The Academy has played a crucial role in the nuclear field, particularly when a viable path to cooperation and collective governance was not clear. In 1959, at the height of the Cold War and the nuclear standoff between the United States and the USSR, members of the American Academy, including Donald Brennan, Thomas Schelling, and Henry Kissinger, among others, gathered at the Academy to rethink the framework that had governed relations between the two superpowers following World War II and to offer a new model of global interaction. The work of this group, in partnership with contemporaneous policy-makers, helped pave the way for the adoption of a new American nuclear posture based on strategic stability and arms reduction, rather than on arms accumulation. Since then, the American Academy has conducted more than a dozen projects focused on arms control and nuclear policy topics, ranging from the future of submarine-based deterrents to international arrangements for nuclear fuel reprocessing, to weapons in space. Our work continues to shape the dialogue in the nuclear field.
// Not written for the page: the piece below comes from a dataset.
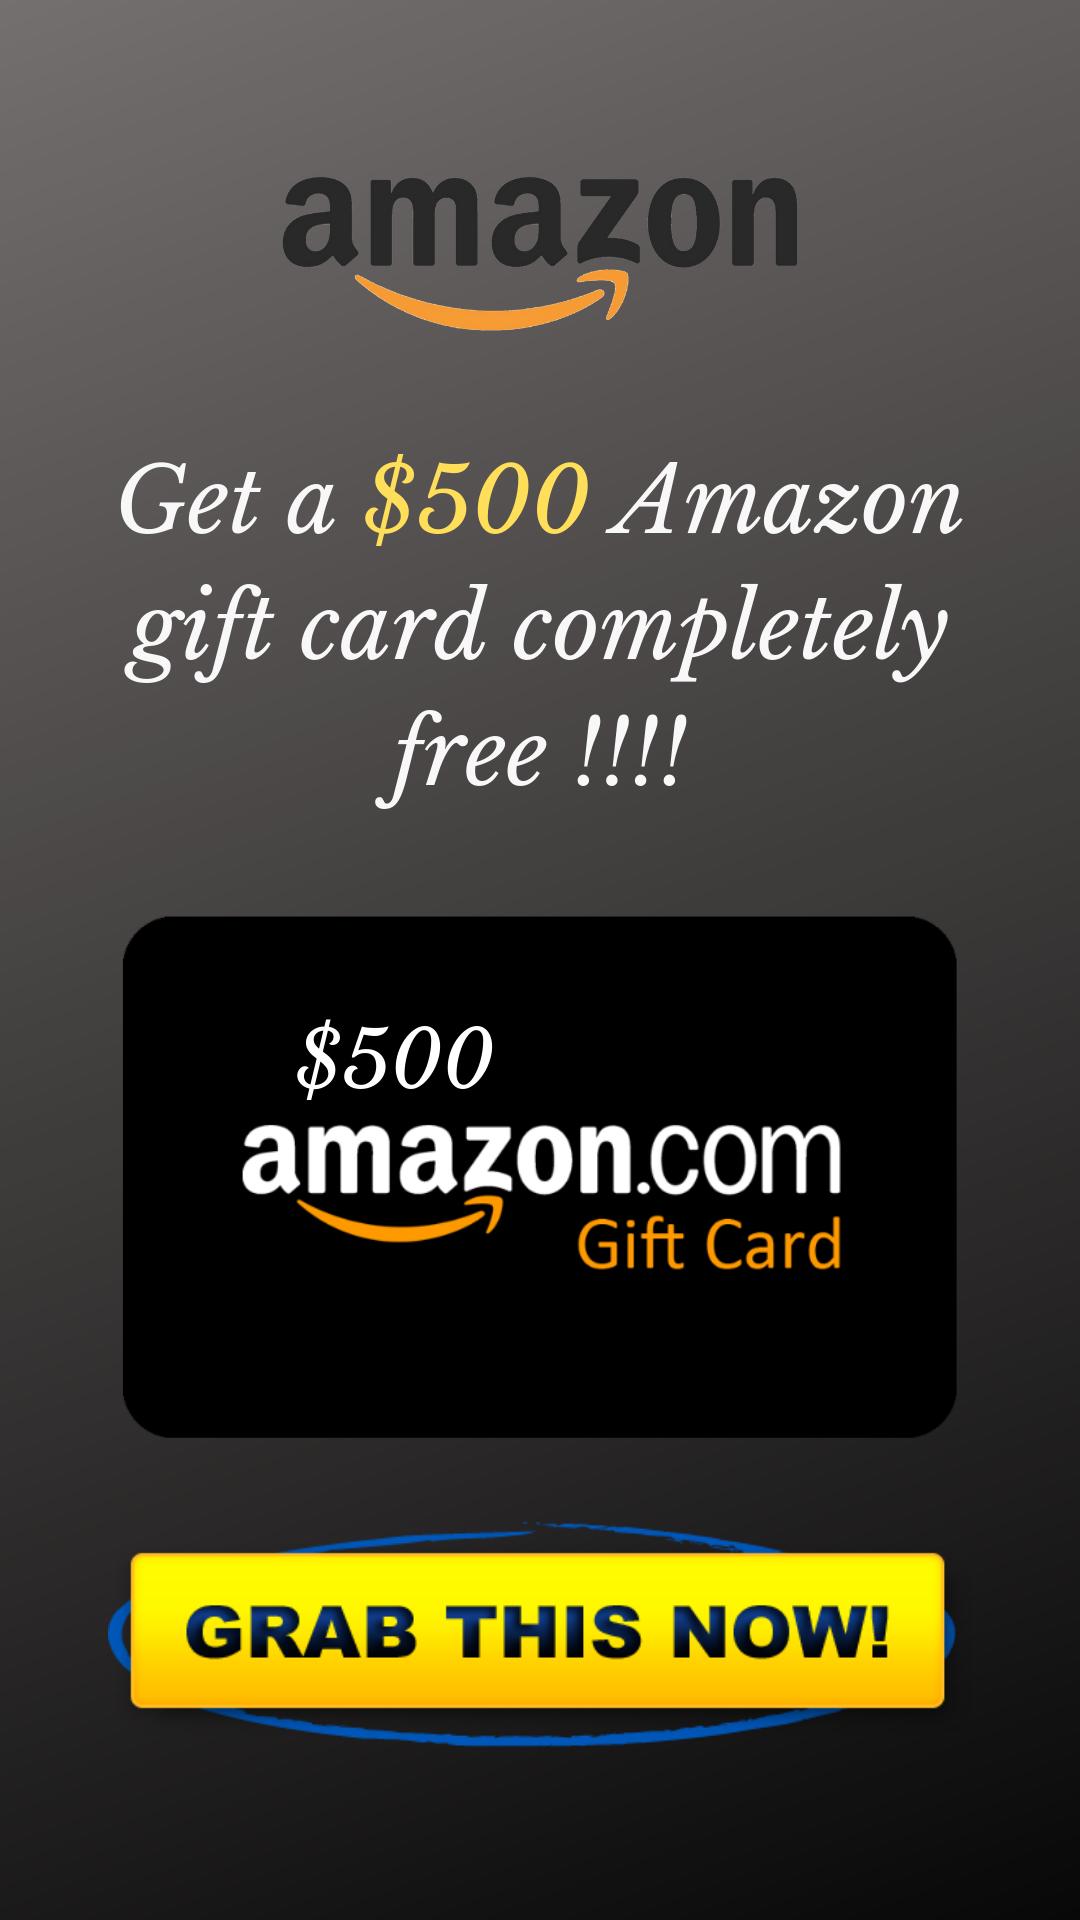 Giveaway Win A 500 Amazon Gift Card Amazon Gift Card Free Amazon Gift Cards Free Itunes Gift Card
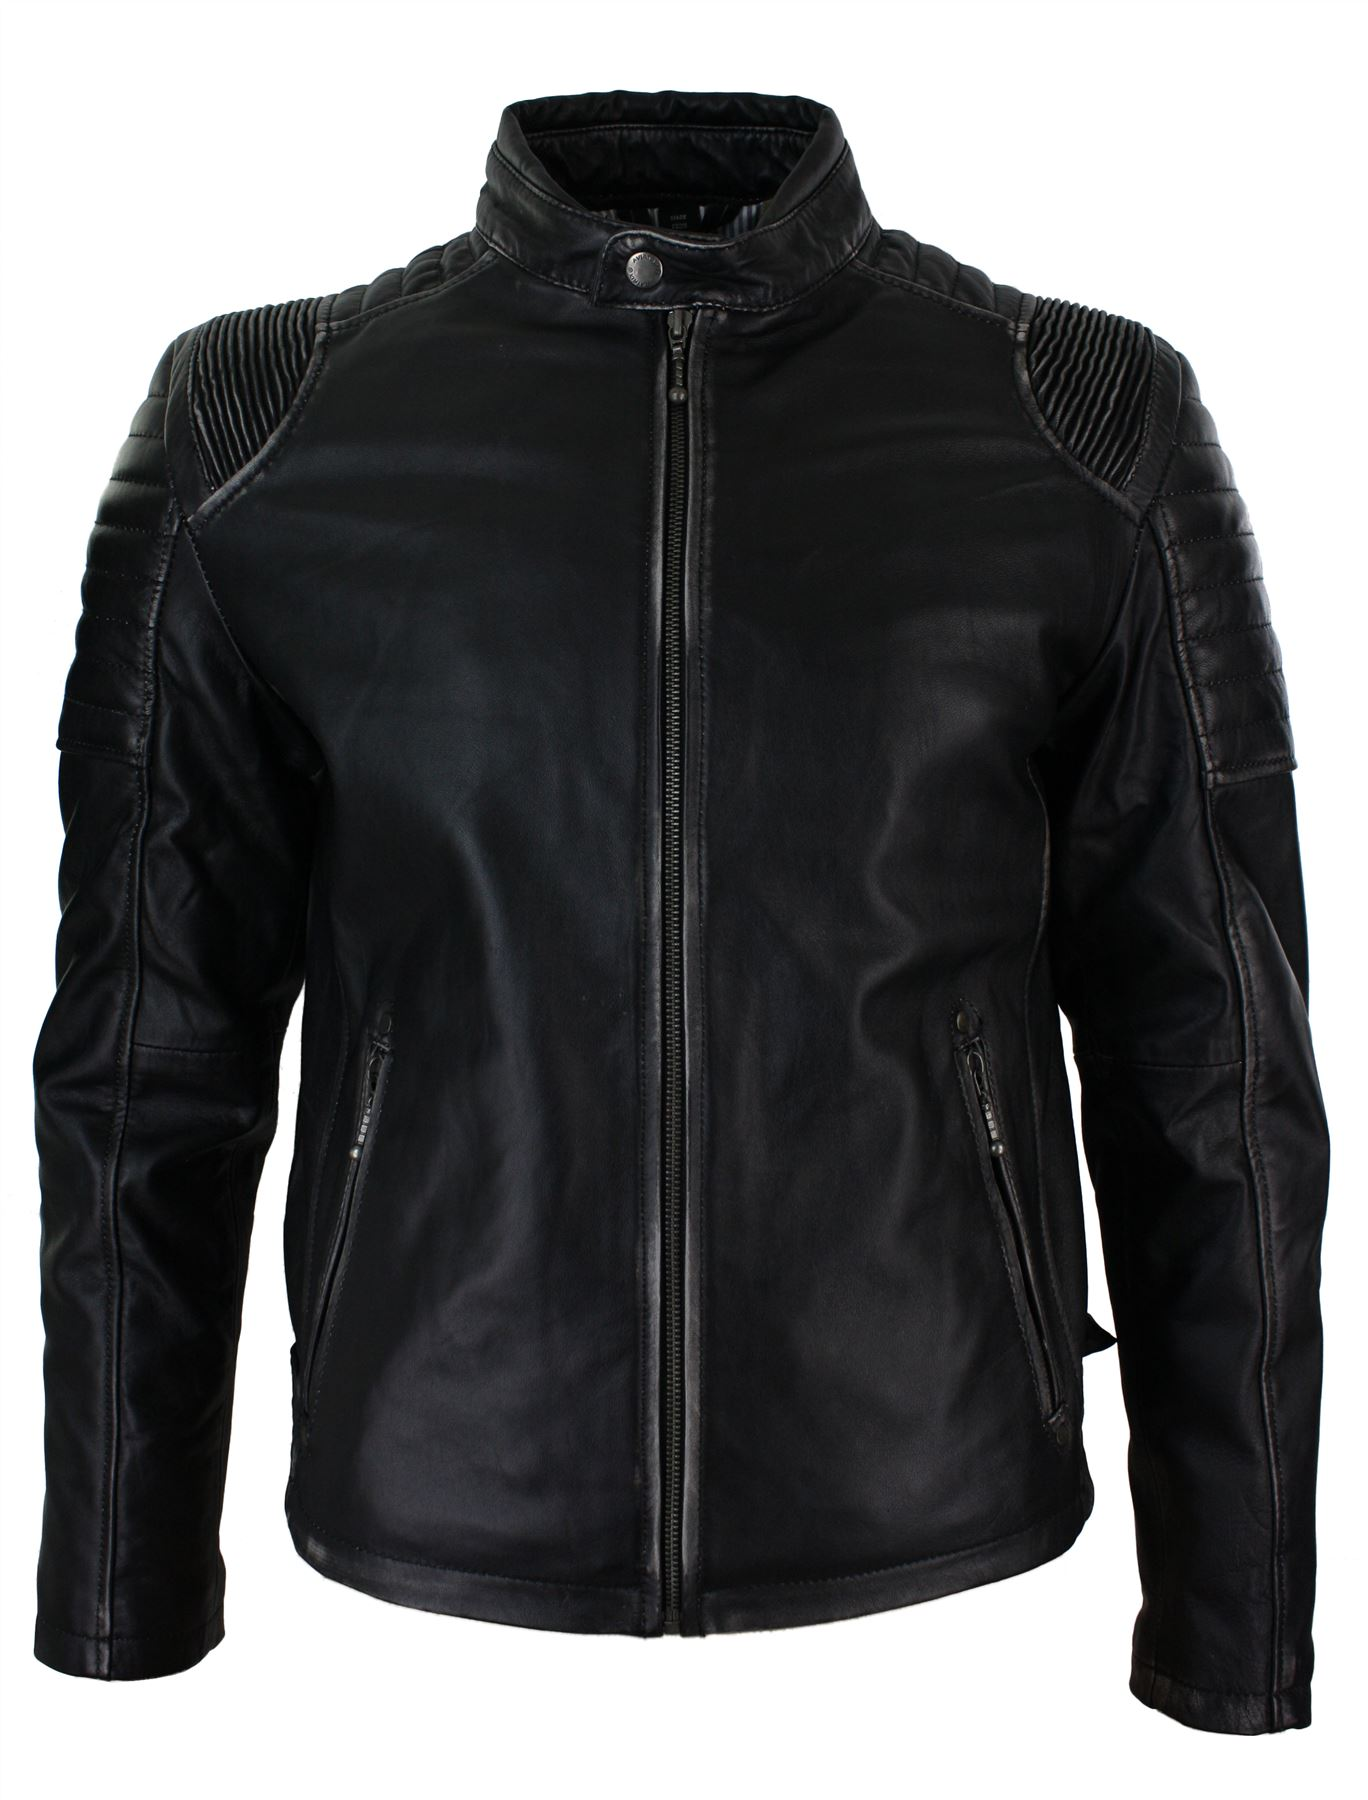 Mens black ruboff washed vintage effect leather jacket fitted biker style casual ebay - Laver une veste en cuir ...

I have no doubt that this publication will serve as an important contribution to contemporary thinking about approaches to arms control and missile defense. The Academy will present and share this publication through a series of outreach activities, and it will be translated into Russian and Chinese for dissemination to policy-makers and the arms control communities in Moscow and Beijing.
I would like to thank Allan Myer, Belinda Frankel, and the Raymond Frankel Foundation for their generous support of the Promoting Dialogue project. I also want to thank Doreen Horschig, Melissa Chan, and Michelle Poulin in the Academy’s Global Security and International Affairs program area for their diligent work.